Butternut squash and kale curry
Ingredients
200g short-grain brown rice
200g creamed coconut
1 butternut squash
1 lemongrass stalk
400g tin chickpeas, drained and rinsed
Juice of 1 lemon
100g kale, tough stalks removed
Chilli flakes, to taste
For the paste
1 shallot, chopped
3cm fresh ginger, peeled and chopped
4 garlic cloves, chopped
juice of 1 lime
2tsp ground turmeric
2tsp ground cumin
¼tsp grated nutmeg
1tsp ground cinnamon
¼tsp ground cardamom
4tbsp tamari
½tbsp ground black pepper
Method
Cook the rice according to the packet instructions. Make sure that the water doesn’t completely evaporate as you cook. This should take 20-30 minutes.
Next, make the curry paste. Place the paste ingredients in a blender and whizz until a paste forms.
Chop the creamed coconut and dissolve in 800ml boiling water to make coconut milk. Peel the butternut squash and cut into bite-sized chunks.
Add the curry paste to a large pan over a low heat and cook for 3 minutes, making sure it doesn’t burn.
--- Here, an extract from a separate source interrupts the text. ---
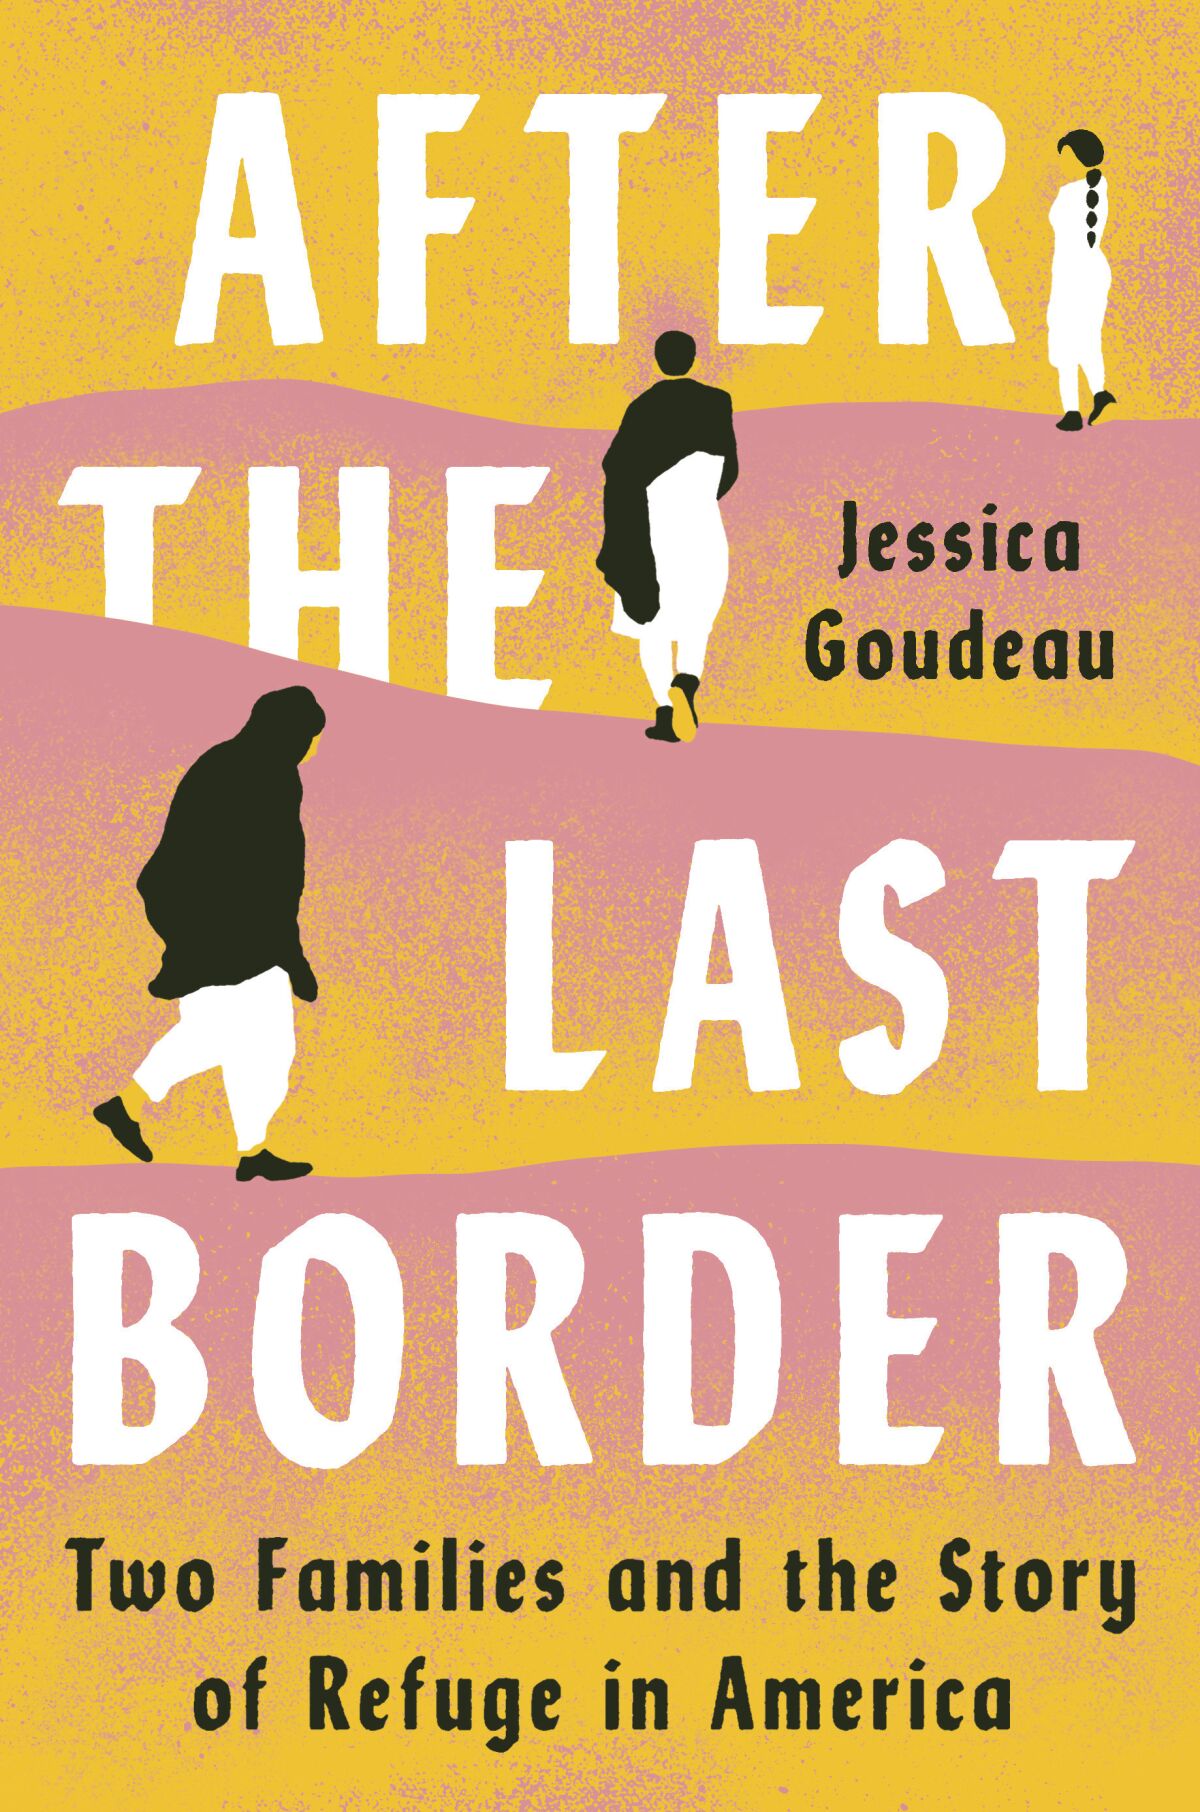 This cover image released by Viking shows "After the Last Border: Two Families and the Story of Refuge in America," by Jessica Goudeau. (Viking via AP)

Then add the coconut milk and stir thoroughly, bringing it to a boil.
Add the butternut squash and lemongrass and cover with a lid. Turn the heat down and allow it to simmer for 10 minutes. Add the chickpeas and simmer for another 20 minutes until the squash starts to soften.
Remove the lid from the saucepan and add the lemon juice. Next, add the kale, allowing it to wilt for 5 minutes. Once the squash is soft, it is ready to serve. Remove the lemongrass stalk and discard, and then add a sprinkle of chilli flakes to taste.